Exercise - Keep the pictures out. Copy every line of the listing exactly.

Collected data -
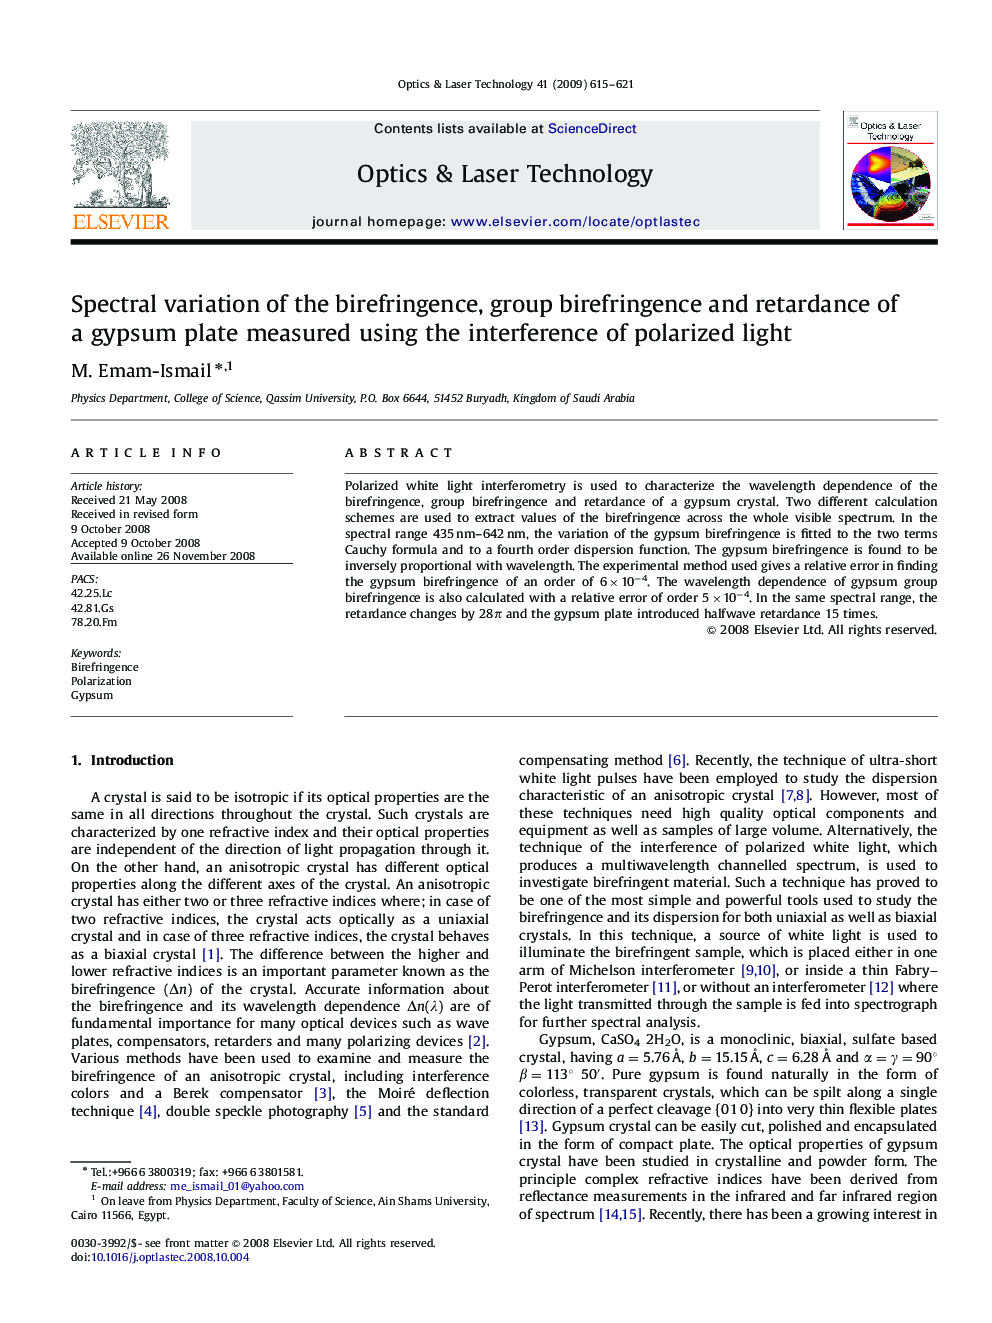 Spectral variation of the birefringence, group birefringence and retardance of a gypsum plate measured using the interference of polarized light
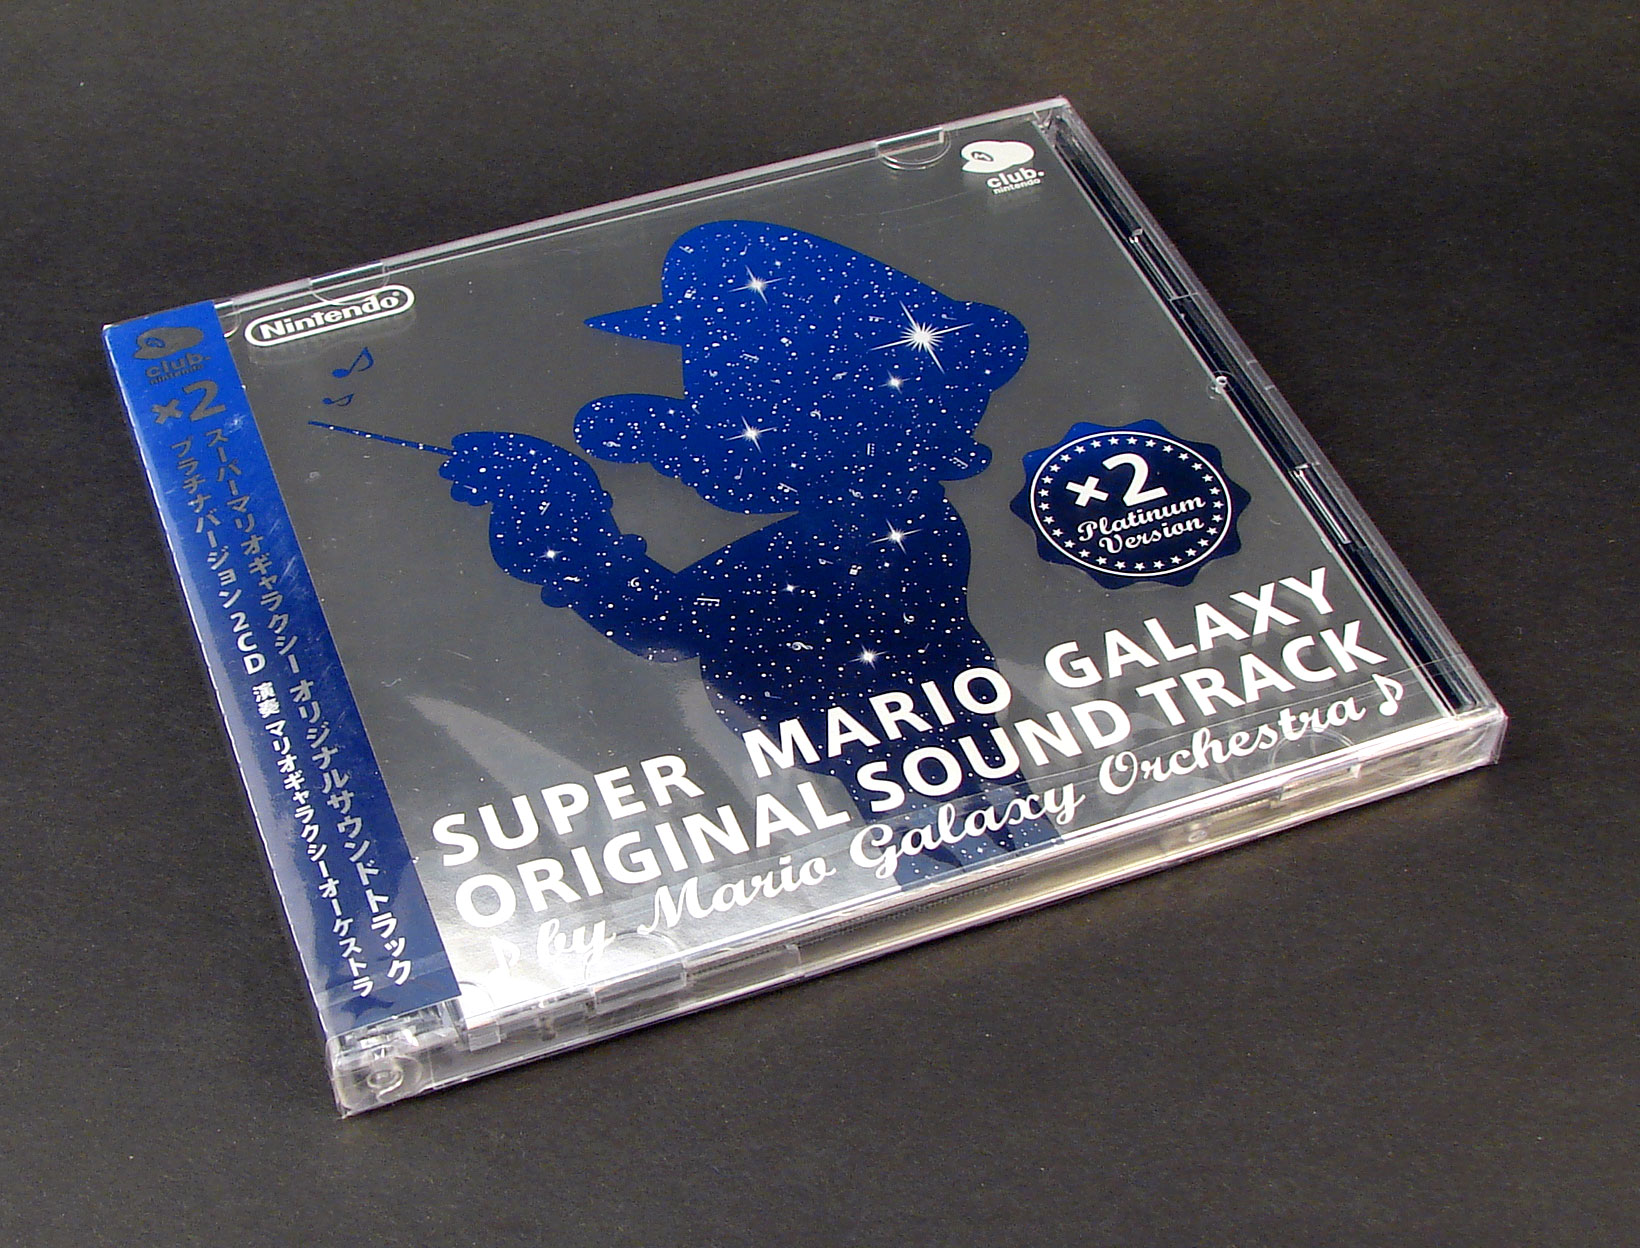 Super Mario Galaxy Original Soundtrack - Platinum Version
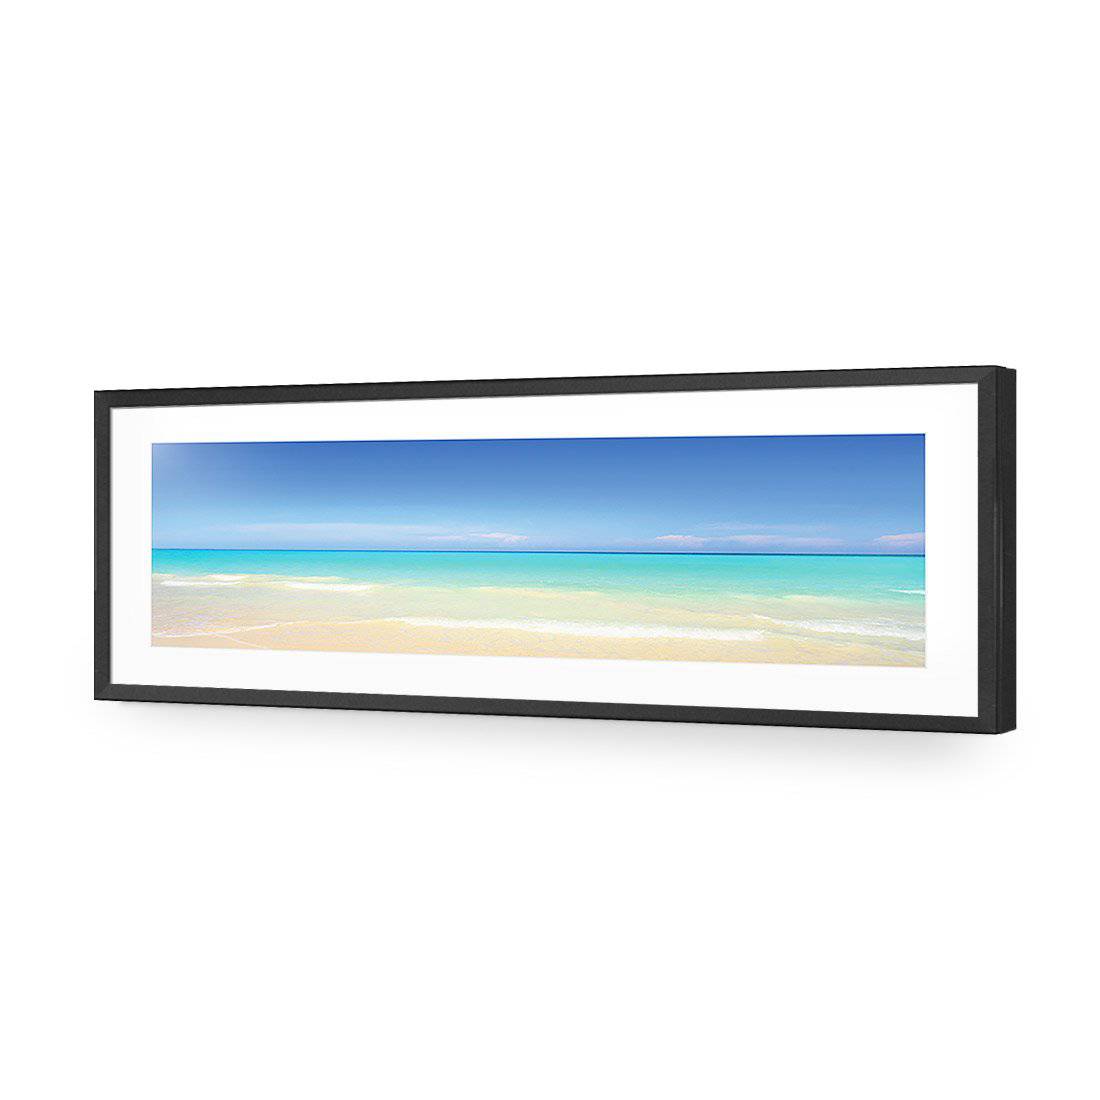 Paradise Beach, Long-Acrylic-Wall Art Design-With Border-Acrylic - Black Frame-60x20cm-Wall Art Designs
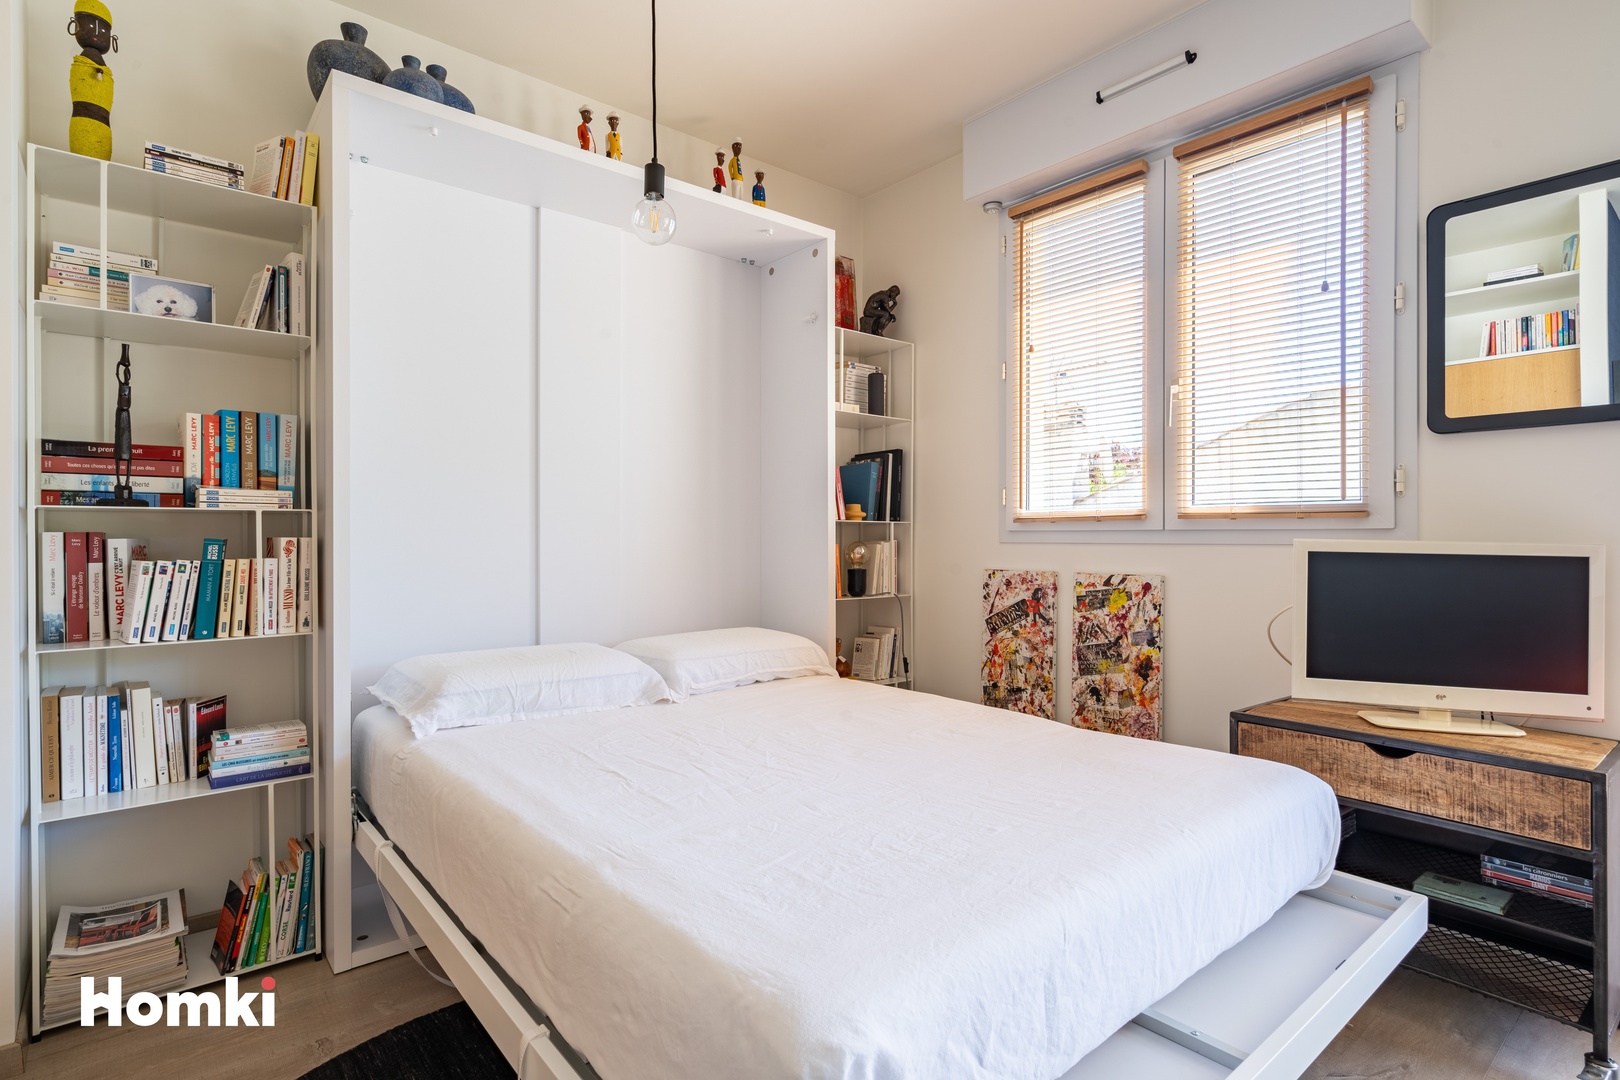 Homki - Vente Appartement  de 30.0 m² à Biarritz 64200

Task output -
 Spectral variation of the birefringence, group birefringence and retardance of a gypsum plate measured using the interference of polarized light
 Super Mario Galaxy Original Soundtrack - Platinum Version
 Paradise Beach, Long-Acrylic-Wall Art Design-With Border-Acrylic - Black Frame-60x20cm-Wall Art Designs
 Homki - Vente Appartement  de 30.0 m² à Biarritz 64200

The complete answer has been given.